- Born: Dorothy Cooper 1909 United States
- Disappeared: October 18, 1949 (age 40)
- Status: Missing for 76 years and 5 months
- Height: 5 ft 2 in (1.57 m)
- Spouse: Jules Forstein
- Children: 3

= Disappearance of Dorothy Forstein =

Unsolved missing person case

Dorothy "Dora" Forstein (born Dorothy Cooper, 1909) was an American woman who went missing after being last seen at her Philadelphia home on October 18, 1949.

==Disappearance==
On the night of October 18, 1949, Dorothy's husband, magistrate Jules Forstein, left home for the evening. He later called Dorothy and told her that he would not arrive home until late. When he returned home, he was very surprised to find his two children, Edward and Marcy, clinging together in a bedroom.
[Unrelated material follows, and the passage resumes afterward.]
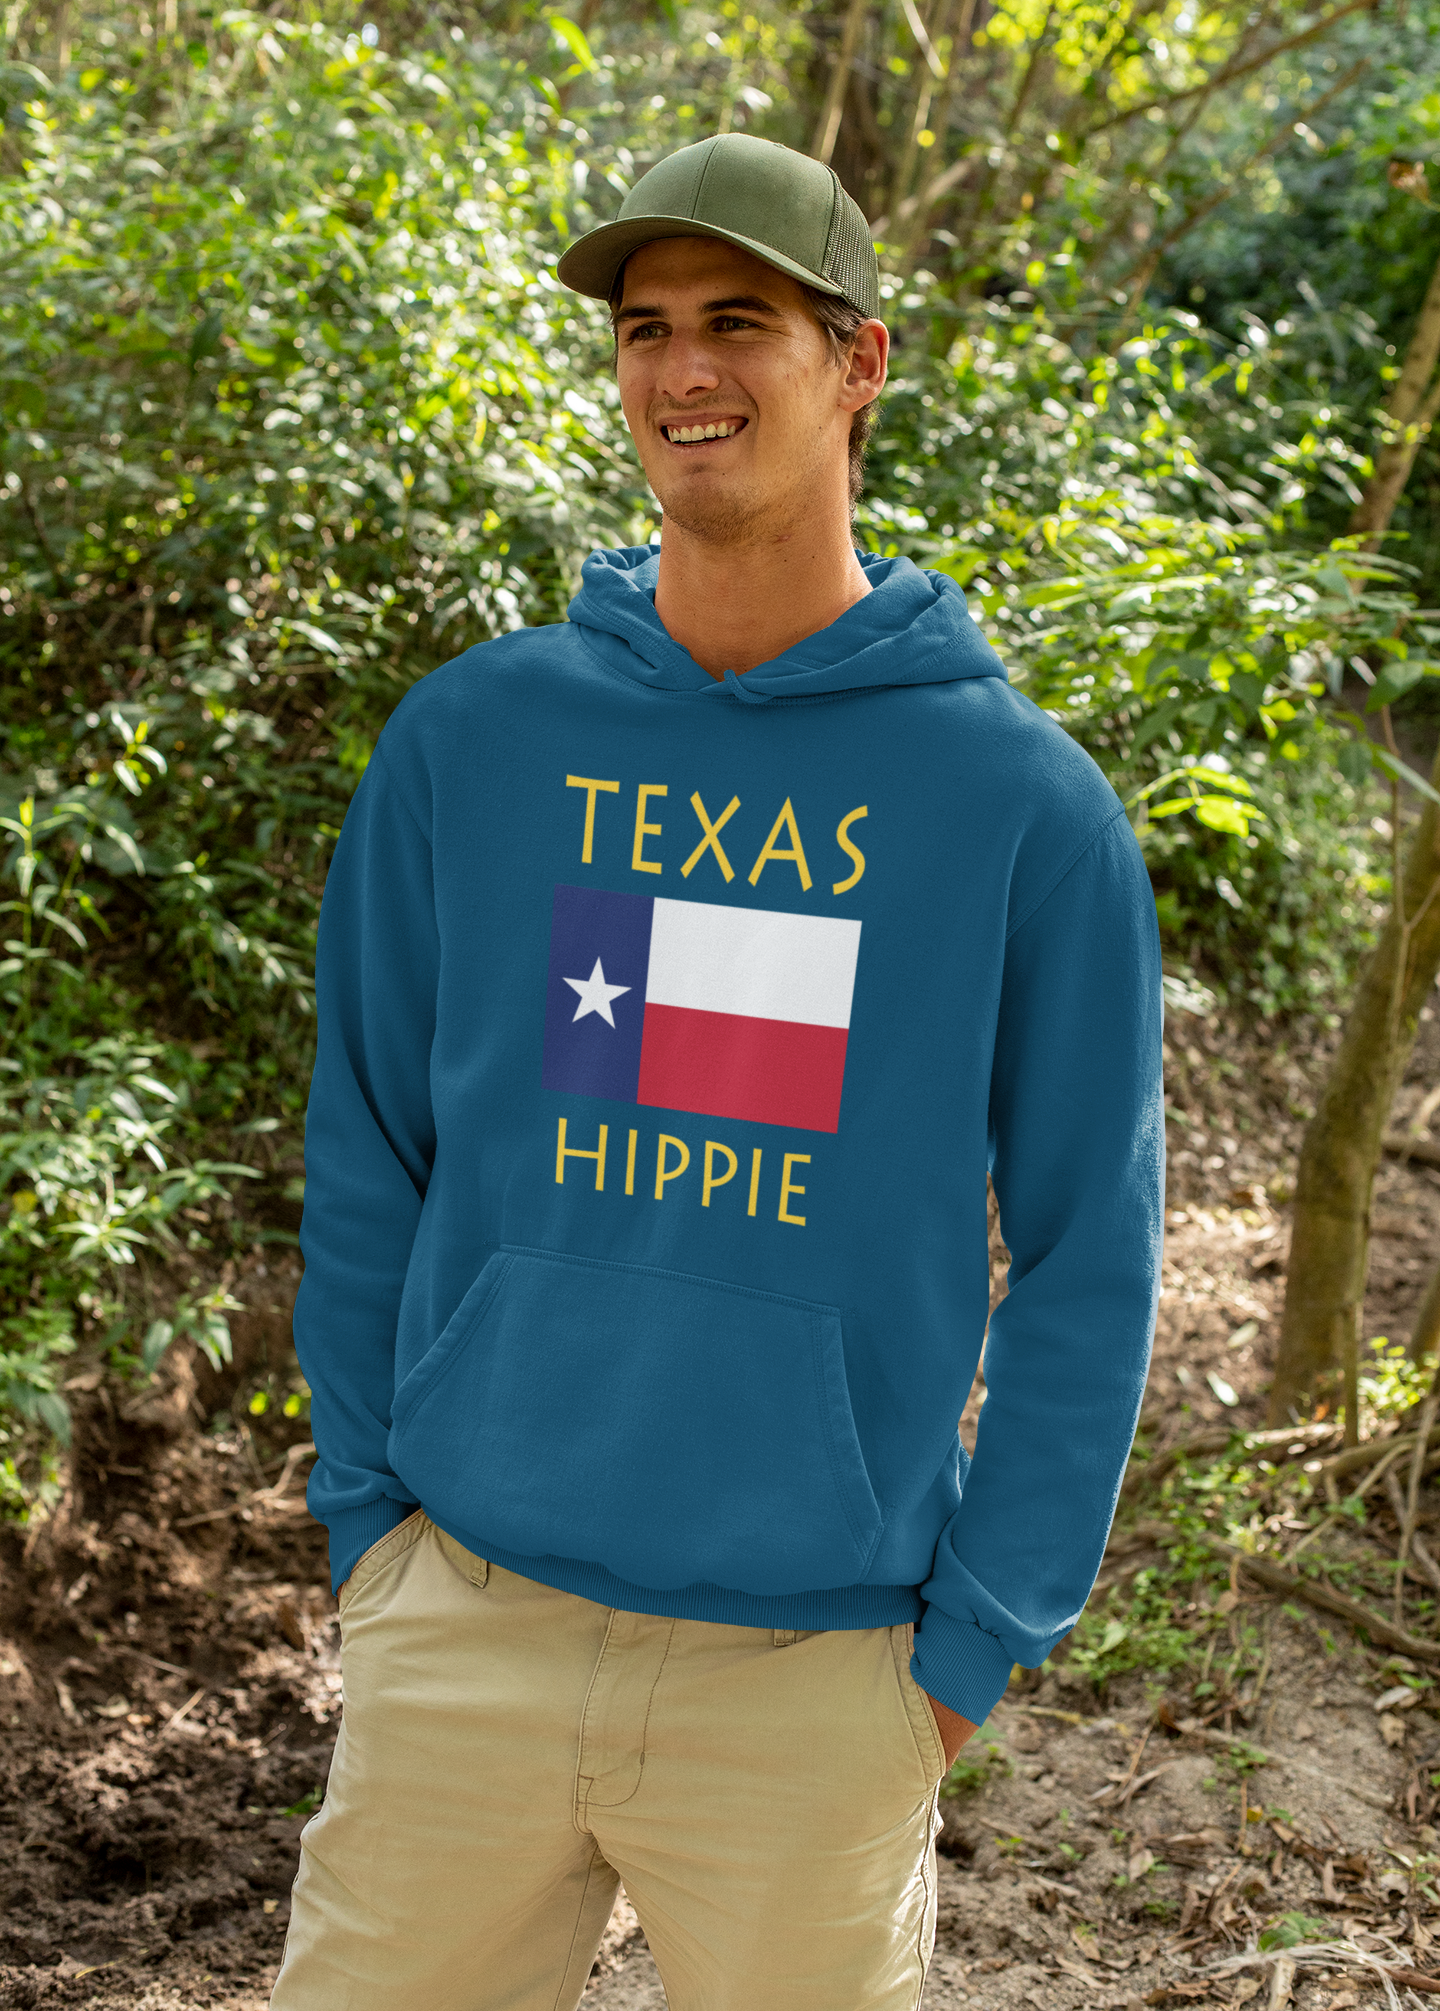 Texas Flag Hippie™ Unisex Hoodie

They were both crying "Mommy's gone!" Marcy told her father that roughly 15 minutes prior, she had been woken by a noise and had gone downstairs, where she had seen a middle-aged man in a brown, peaked cap carrying her unconscious mother down the stairs over his shoulder. When she asked him what he was doing, he patted her head and told her, "Go back to sleep, little one. Your mom is fine." He then left and locked the door.

== Investigation ==
Police initially doubted Marcy's story, but believed it after a psychiatrist interviewed her and confirmed she was apparently telling the truth. The theory first posited by police was that someone with a grudge against her husband due to his job had targeted her. This was seen as most likely given that five years previously, a home intruder had stolen nothing but had severely assaulted Dorothy. On this occasion, too, nothing was stolen from the house. No fingerprints were left behind by the intruder, nor were there any signs of forced entry, just as in the previous assault.

A large search was conducted to find Forstein, as the police asked for a check of all unidentified women and requested reports from hospitals (including mental hospitals), hotels, morgues and convalescent homes all across the country. Captain James Kelly of Philadelphia's detective bureau sent out 10,000 notices to police departments and institutions with the description of Forstein.